Re: [PATCH v4 14/22] x86/fpu/xstate: Expand the xstate buffer on the first use of dynamic user state

From: Len Brown
Date: Mon Mar 29 2021 - 09:15:36 EST


On Sat, Mar 20, 2021 at 6:14 PM Thomas Gleixner <tglx@xxxxxxxxxxxxx> wrote:
>
> On Sun, Feb 21 2021 at 10:56, Chang S. Bae wrote:
> > +
> > +/* Update MSR IA32_XFD with xfirstuse_not_detected() if needed. */
> > +static inline void xdisable_switch(struct fpu *prev, struct fpu *next)
> > +{
> > + if (!static_cpu_has(X86_FEATURE_XFD) || !xfirstuse_enabled())
> > + return;
> > +
> > + if (unlikely(prev->state_mask != next->state_mask))
> > + xdisable_setbits(xfirstuse_not_detected(next));
> > +}
>
> So this is invoked on context switch. Toggling bit 18 of MSR_IA32_XFD
> when it does not match. The spec document says:
>
> "System software may disable use of Intel AMX by clearing XCR0[18:17], by
> clearing CR4.OSXSAVE, or by setting IA32_XFD[18]. It is recommended that
> system software initialize AMX state (e.g., by executing TILERELEASE)
> before doing so. This is because maintaining AMX state in a
> non-initialized state may have negative power and performance
> implications."
>
> I'm not seeing anything related to this.

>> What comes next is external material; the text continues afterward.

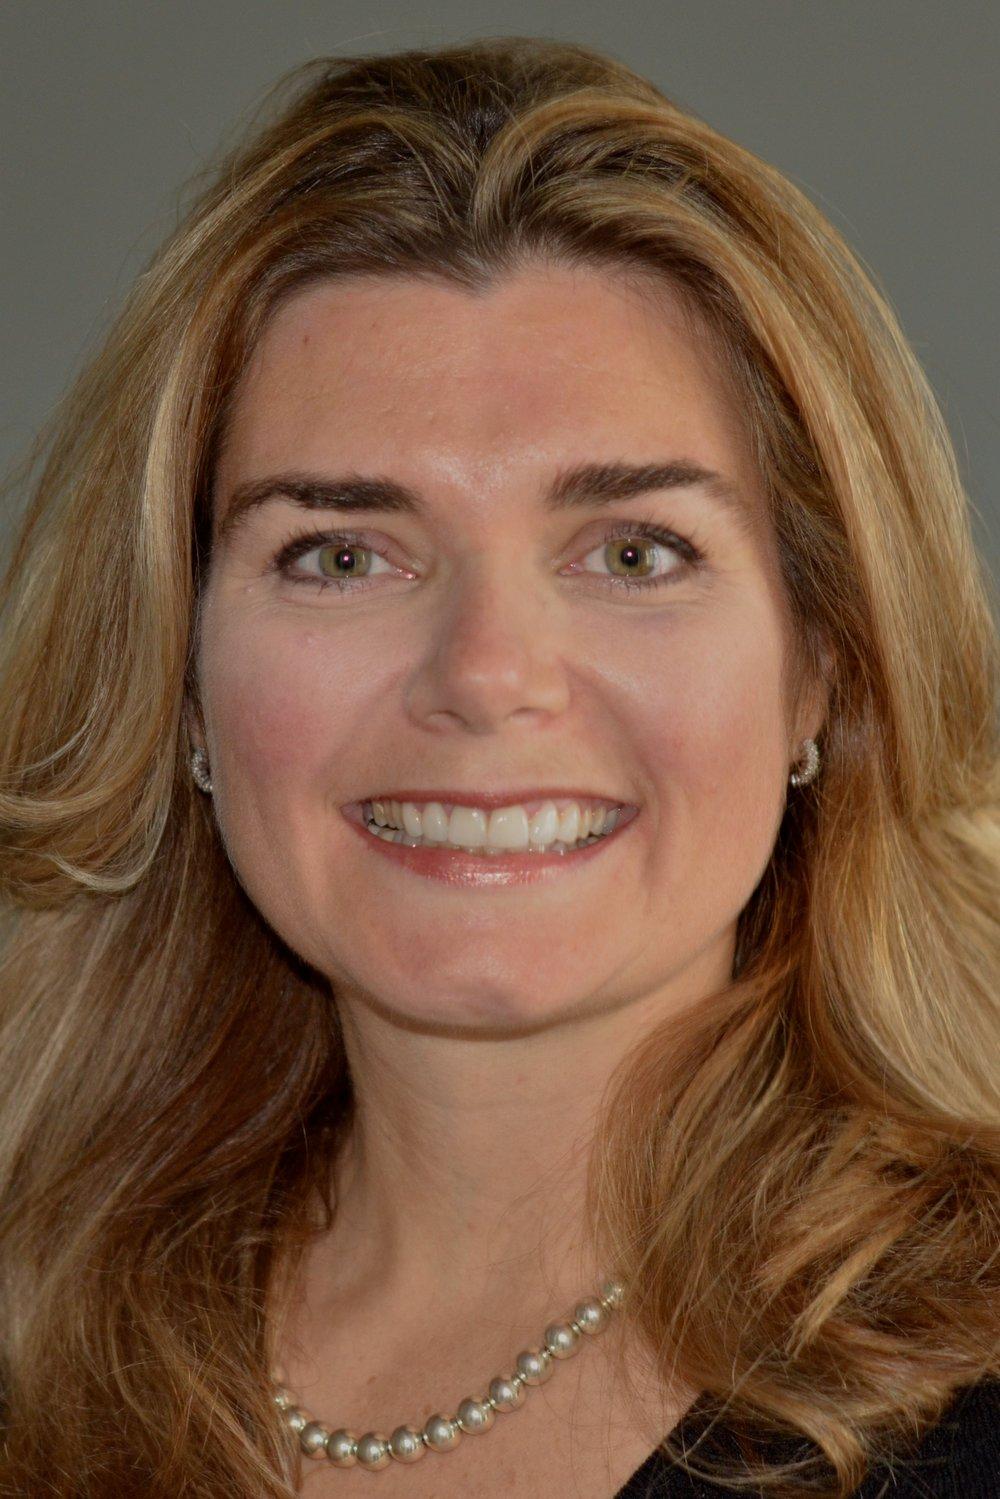 Dr. Brezden_s Picture 2012.jpg

Is this a recommendation
> which can be ignored or is that going to be duct taped into the code
> base once the first user complains about slowdowns of their non AMX
> workloads on that machine?

I found the author of this passage, and he agreed to revise it to say this
was targeted primarily at VMMs.

"negative power and performance implications" refers to the fact that
the processor will not enter C6 when AMX INIT=0, instead it will demote
to the next shallower C-state, eg C1E.

(this is because the C6 flow doesn't save the AMX registers)

For customers that have C6 enabled, the inability of a core to enter C6
may impact the maximum turbo frequency of other cores.

thanks,
-Len Brown
Intel Open Source Technology Center